● PROBLEM STATEMENT
From the line containing "FULLEN / TÄLLEVIKEN" through the last line of the material, copy every line exactly, both ends inclusive; do not copy pictures.

● MATERIAL PROVIDED
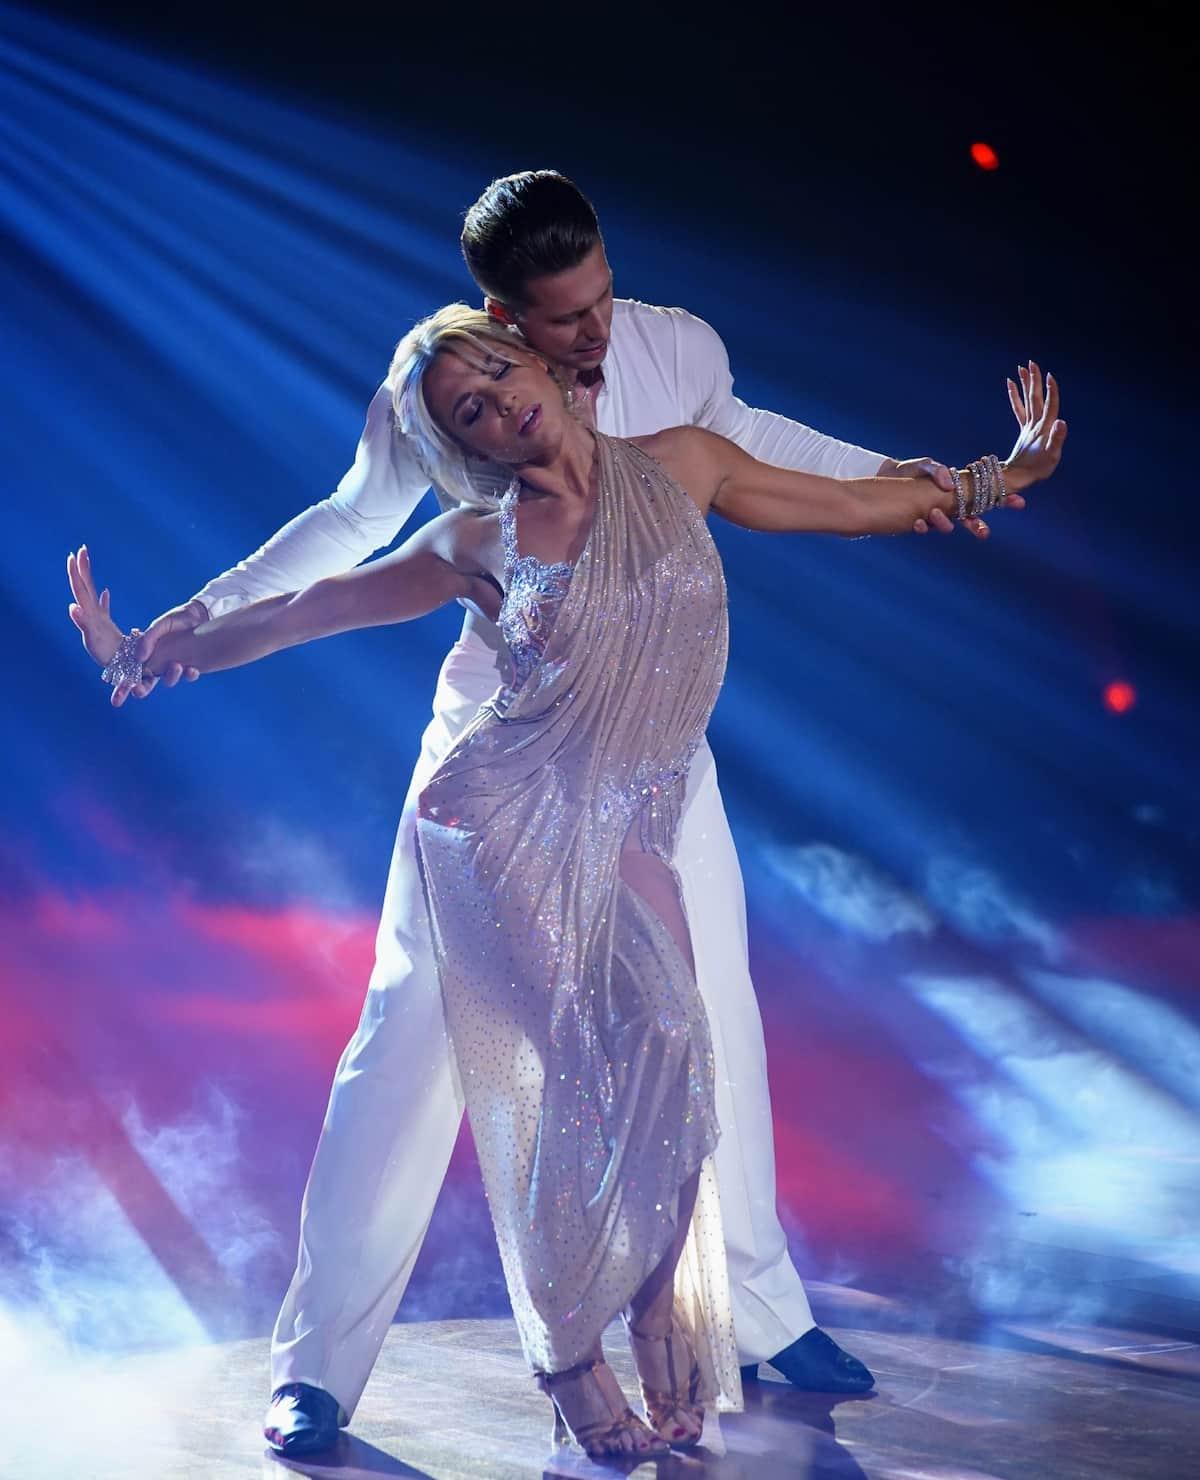 Valentina Pahde und Valentin Lusin Rumba 2. Platz im Finale Let's dance am 28.5.2021
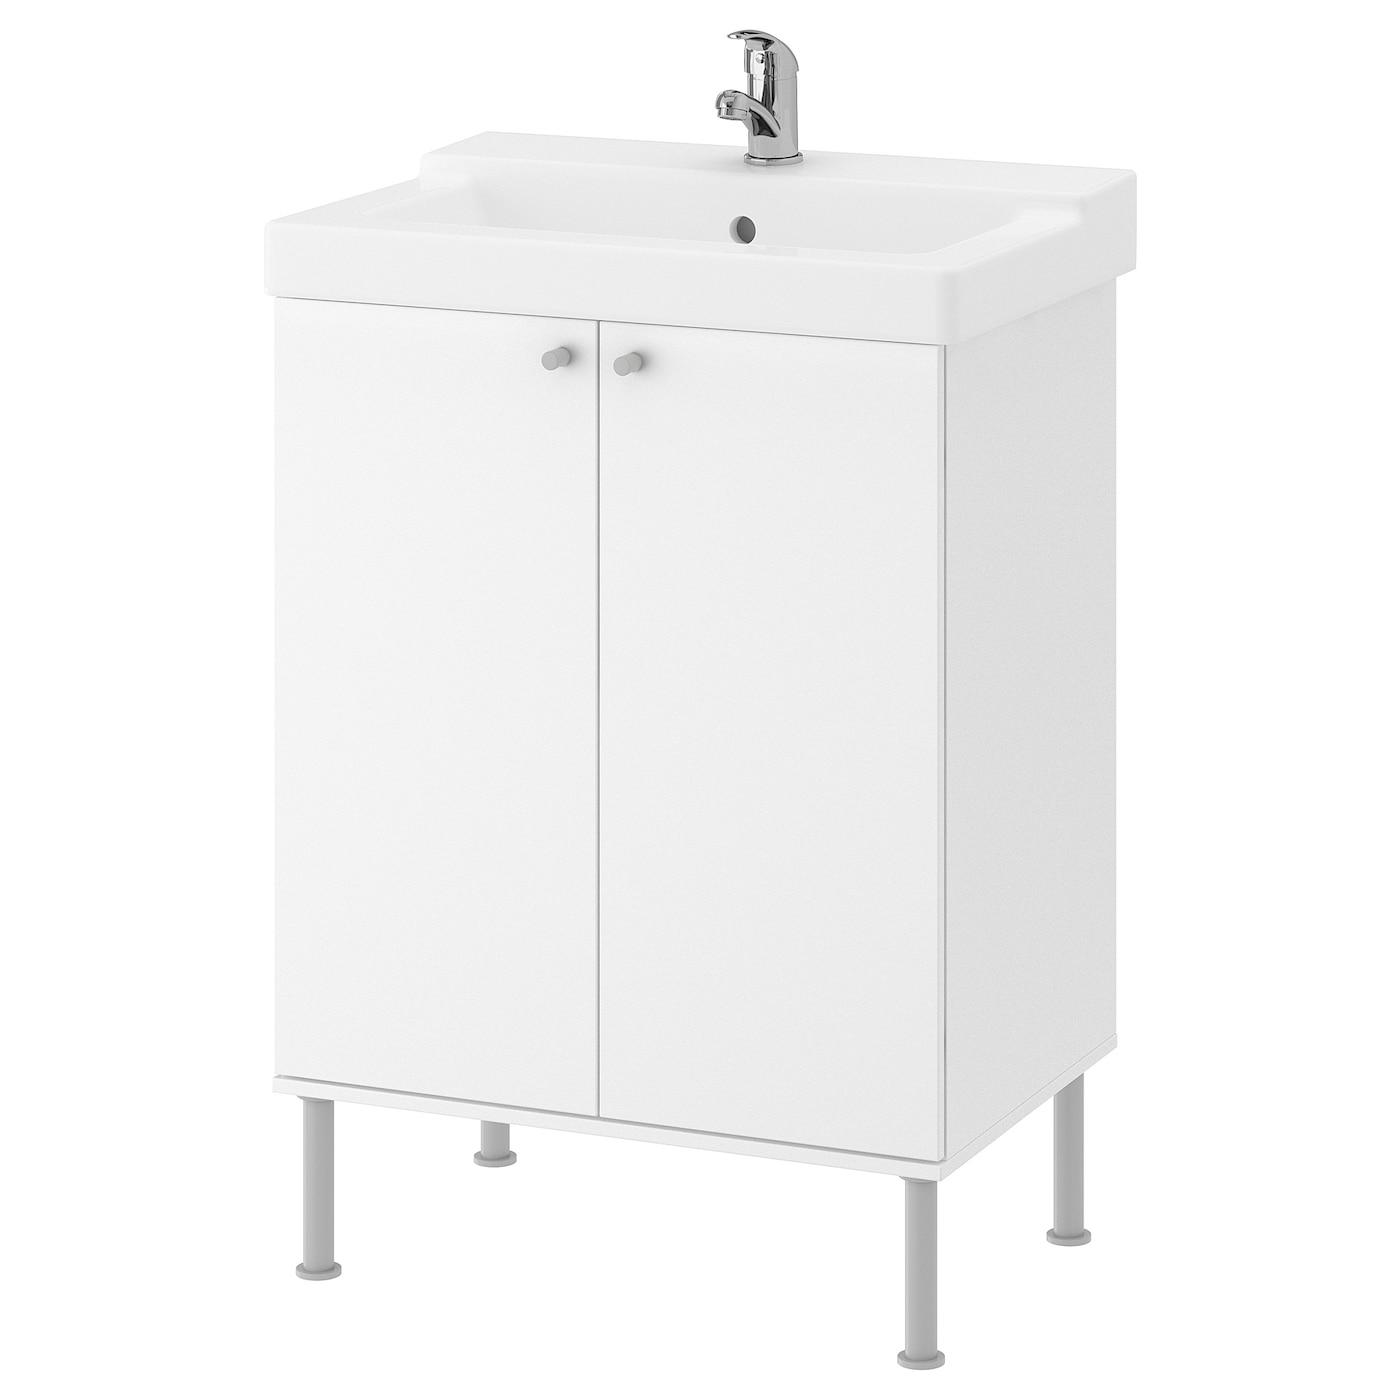 FULLEN / TÄLLEVIKEN Bathroom vanity - white, Olskär faucet ...
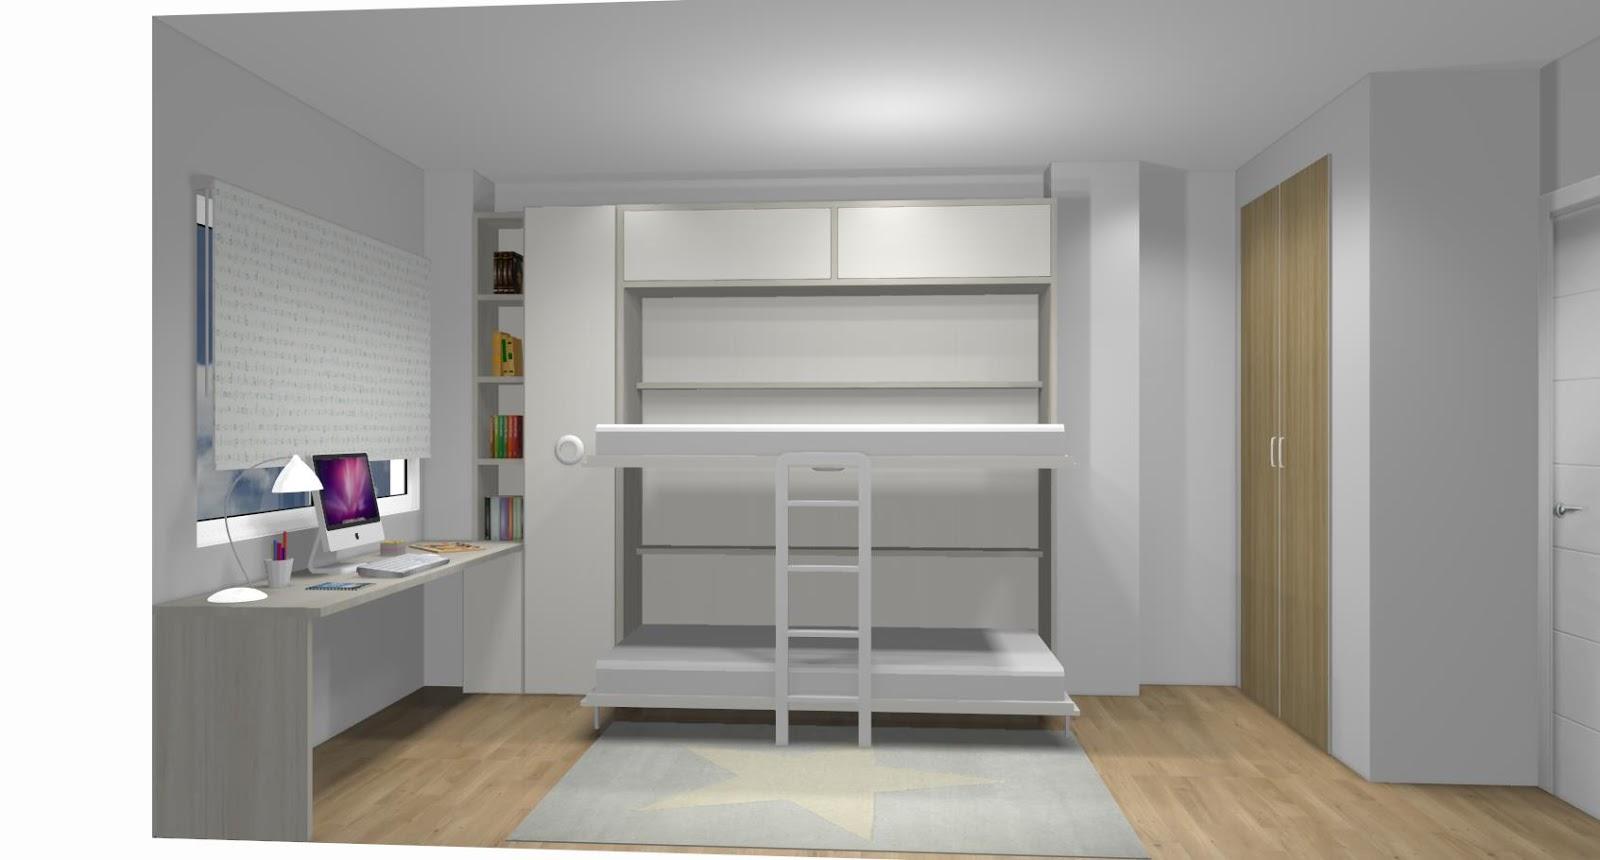 Dormitorio juvenil con cama compacto estanterias y zona de estudio debajo de la ventana - Camas infantiles a medida ...

● WRITTEN SOLUTION
 FULLEN / TÄLLEVIKEN Bathroom vanity - white, Olskär faucet ...
 Dormitorio juvenil con cama compacto estanterias y zona de estudio debajo de la ventana - Camas infantiles a medida ...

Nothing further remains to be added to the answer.